The intent is to provide a framework that will allow proponents to prepare a single, consistent evidence base which can be used for Nature Repair Market participation and offset suitability assessments offset regimes.
Indicators, scoring factors and Threatened Species Characteristic scores
The certification architecture is method-driven, highly technical and relies on a number of defined terms. The method specifies which variable biodiversity project characteristics apply.
The Department would create a Threatened Species Characteristic calculator tool to help Market project proponents determine each of the scores and make the necessary calculations.
Project-level and species-level scores for the starting and forecast state of the threatened species characteristic are to be published on the Biodiversity Market Register, so that market participants can determine the offset benefit of the project activities.
This scoring system is not meant to line up directly with the significance or net gain requirements under the EPBC Act. Instead, the plan is that the same kind of information required for determining these Nature Repair Act scores would be relevant to the EPBC Act decision.
High-confidence benefit pathway
These scores would only be relevant – and the associated Market project could only be offset-capable and capable of obtaining a biodiversity certificate – if the project was on the "high-confidence benefit pathway". This pathway will require a high confidence both in the species' presence on the project site and the Market project's benefit for the species. This is aligned with the level of confidence required by the Offsets Standard.
A separate "potential benefit pathway" would be available, but sits in the voluntary Market framework.
Other matters
The issues paper also discusses the requirements of the "suitably qualified person", the evidence they must provide of the assessment and other associated process requirements. Most of the details are to be provided in guidance which is still being developed.
An optional "green tick" verification system would be available for registered Market projects, for projects of a higher value and where a good outcome is more likely. This system is entirely voluntary and separate from registration, certificate and offset-capability requirements.
Nature Repair Rules amendments to support integrity and administration
The amendments proposed in this third issues paper would:
Introduce rules for the identification, assessment and management of significant reversals of biodiversity outcomes of Market projects.
Define a clear, practical test for Market project proponents to meet certificate equivalence requirements, where the original biodiversity certificate issued for a Market project is no longer available and the CER has required the certificate to be relinquished.
Implement administrative amendments intended to streamline Market operations, improve usability, and ensure alignment with the updated legislation.

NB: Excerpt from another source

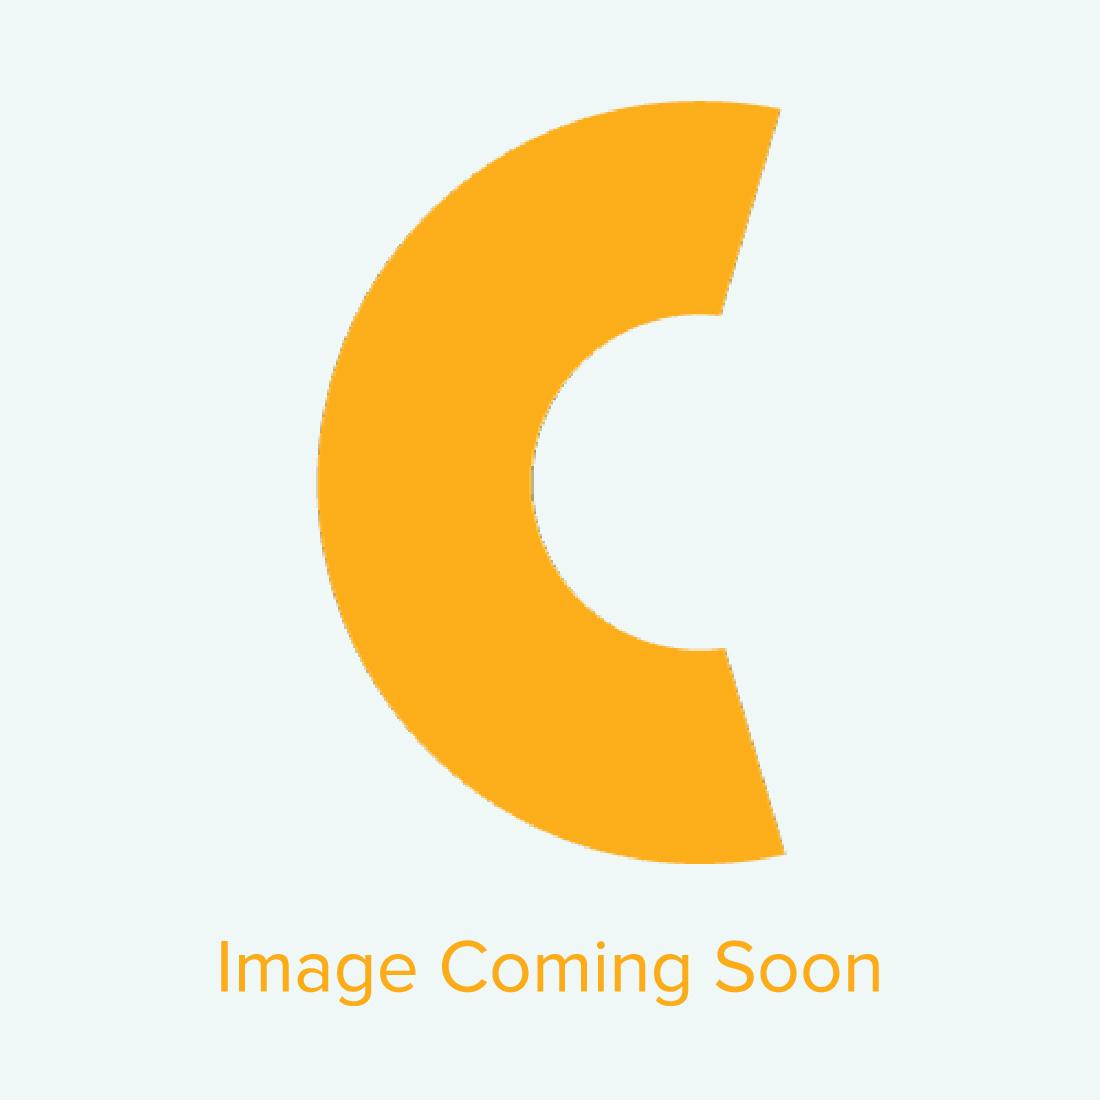 "ChromaLuxe Sublimation Aluminum Photo Panel - 5"" x 5"" (10/case)"
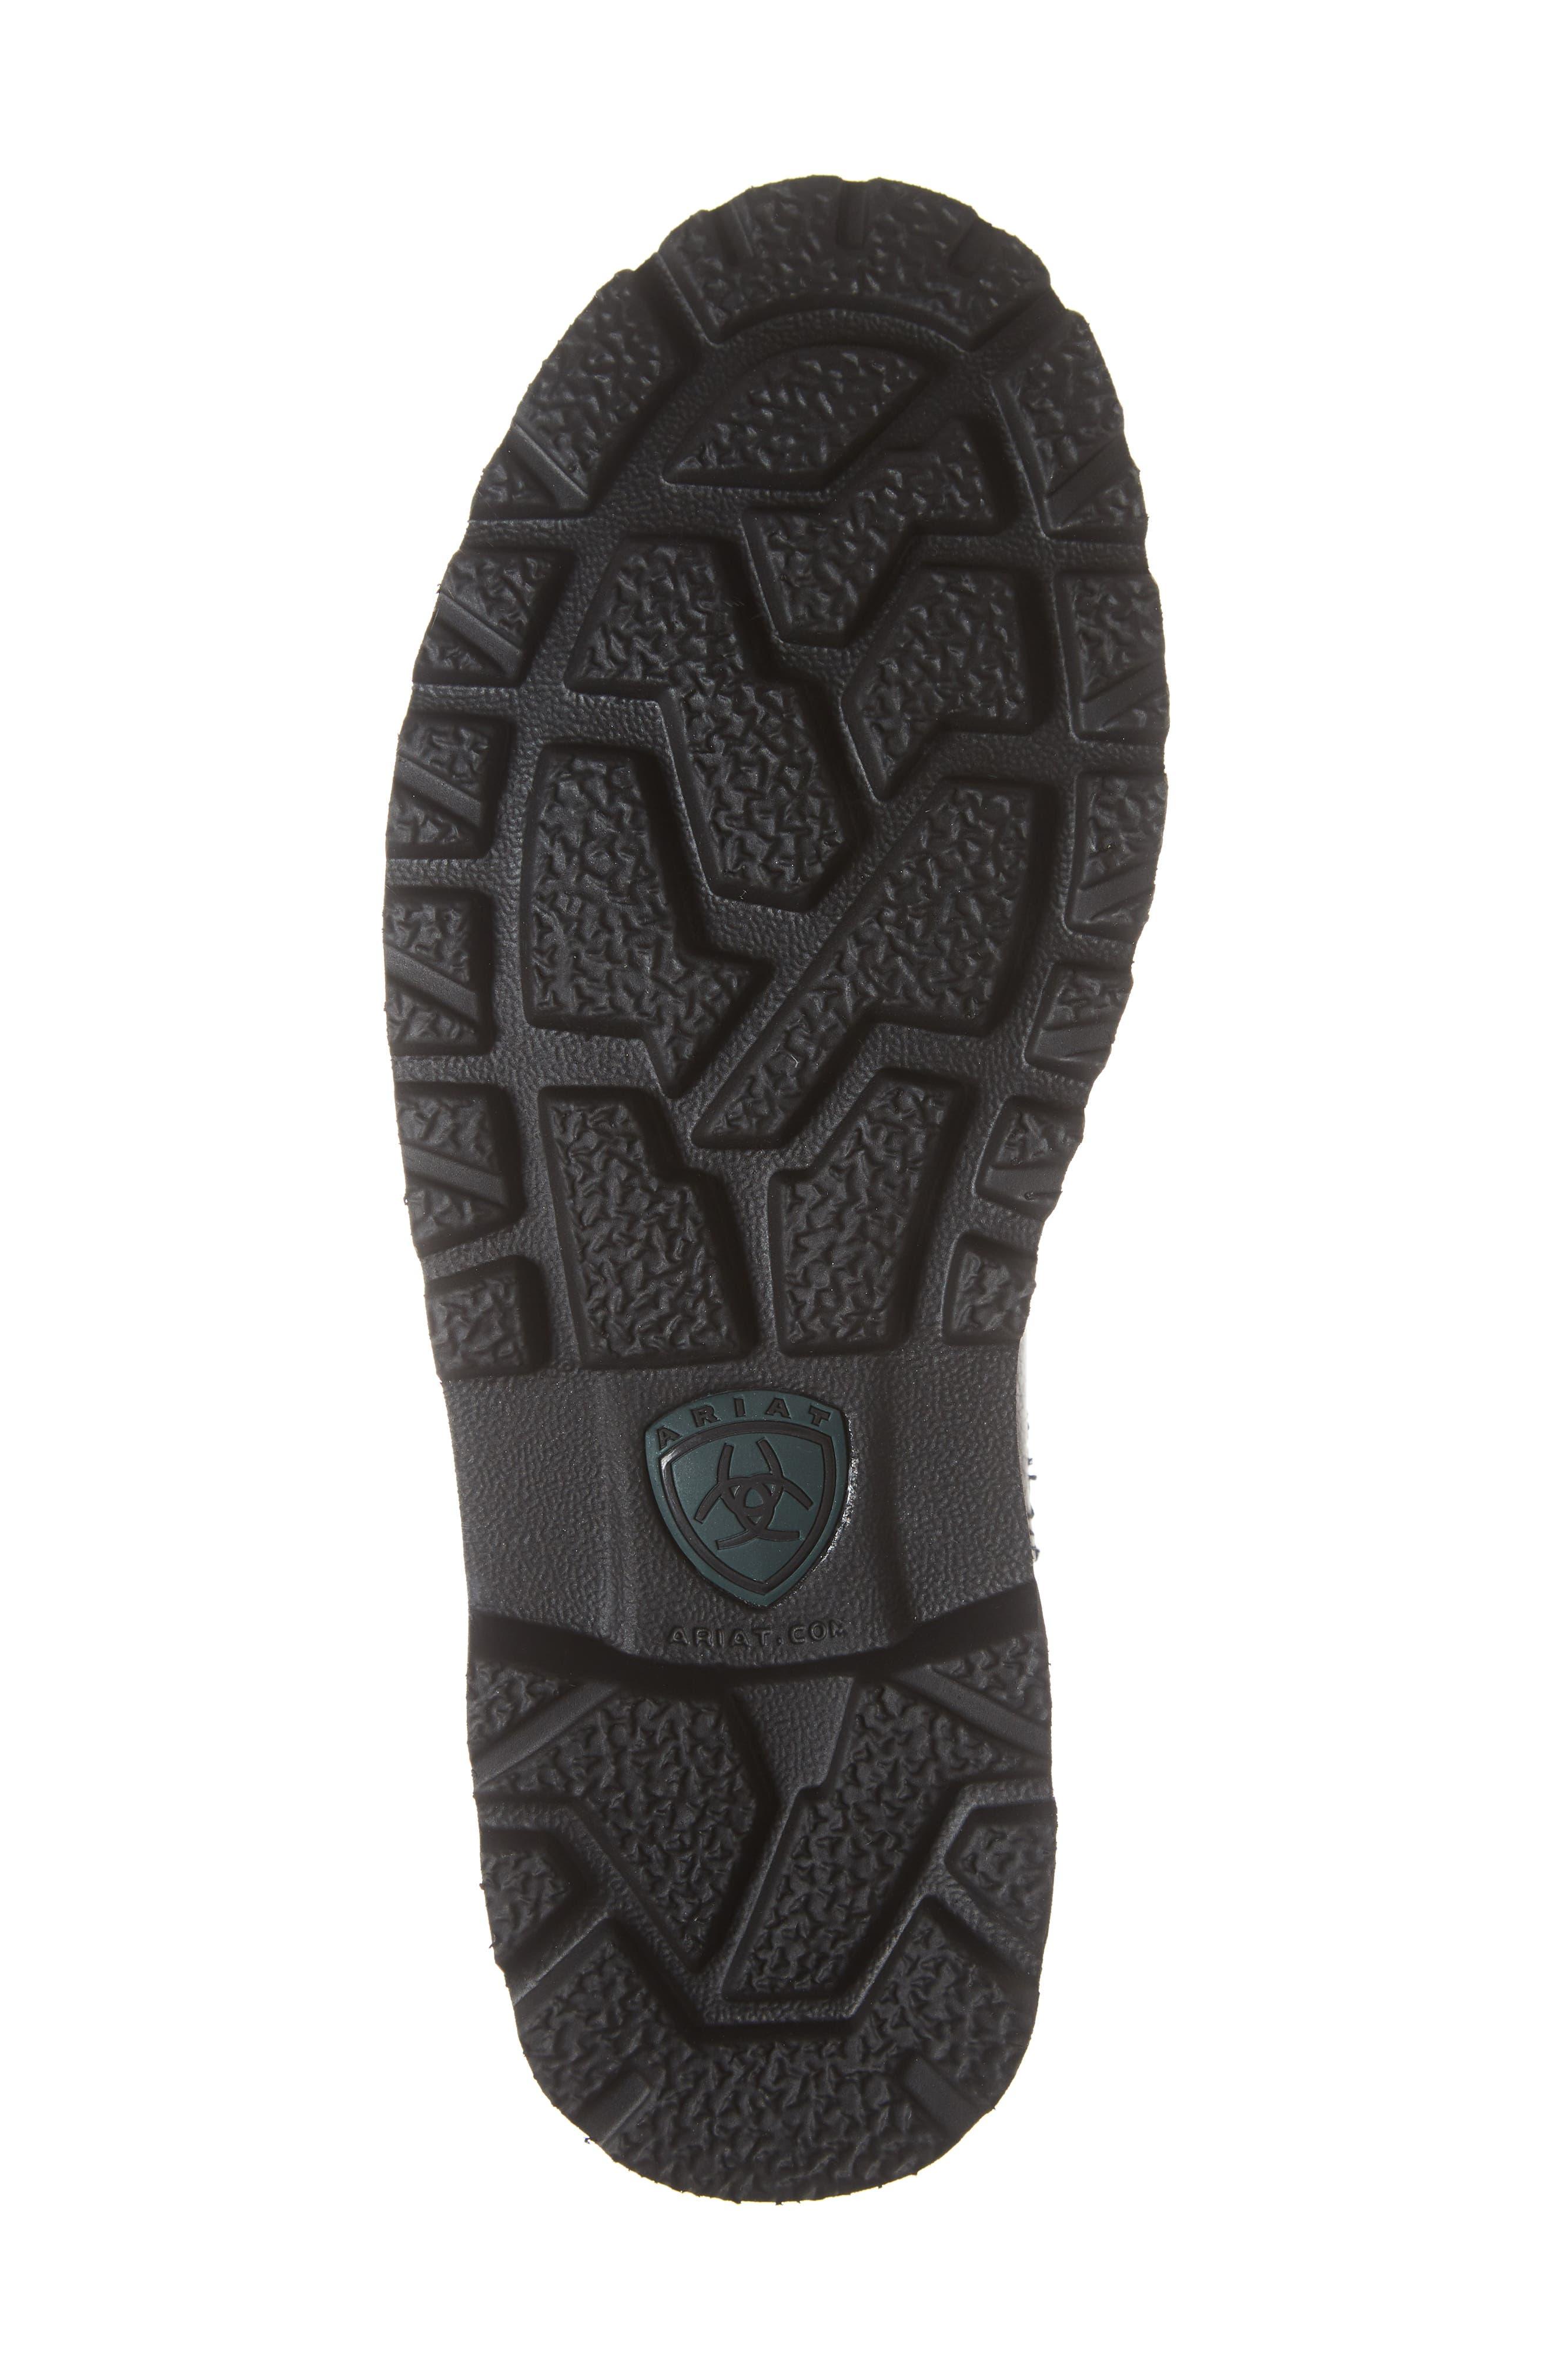 Spothog Chelsea Boot,                             Alternate thumbnail 6, color,                             BLACK DEER TAN LEATHER

Most of the proposed amendments appear uncontroversial. One suggestion that may require further consideration is the proposal to update the published National Biodiversity Assessment System scores for Market projects on the public register whenever a new version of that System is released.
Will the transition to offsetting capability succeed?
The establishment of an offset market, with tradeable units, is a very complex and challenging exercise, as the experience in NSW demonstrates. However, it can also deliver significant opportunities for project development and the promotion of conservation activities, again as the NSW experience demonstrates.
There is a lot of technical, legal and policy work to do to enable the Nature Repair scheme to provide a viable, functioning source of biodiversity offsets. The risks for stakeholders are significant. However, given the current difficulties in sourcing suitable offsets across Australia, especially for major projects, and the need for more investment in biodiversity conservation and enhancement in Australia, it's vital for stakeholders to engage actively in the development of the Nature Repair Market's offsetting capabilities.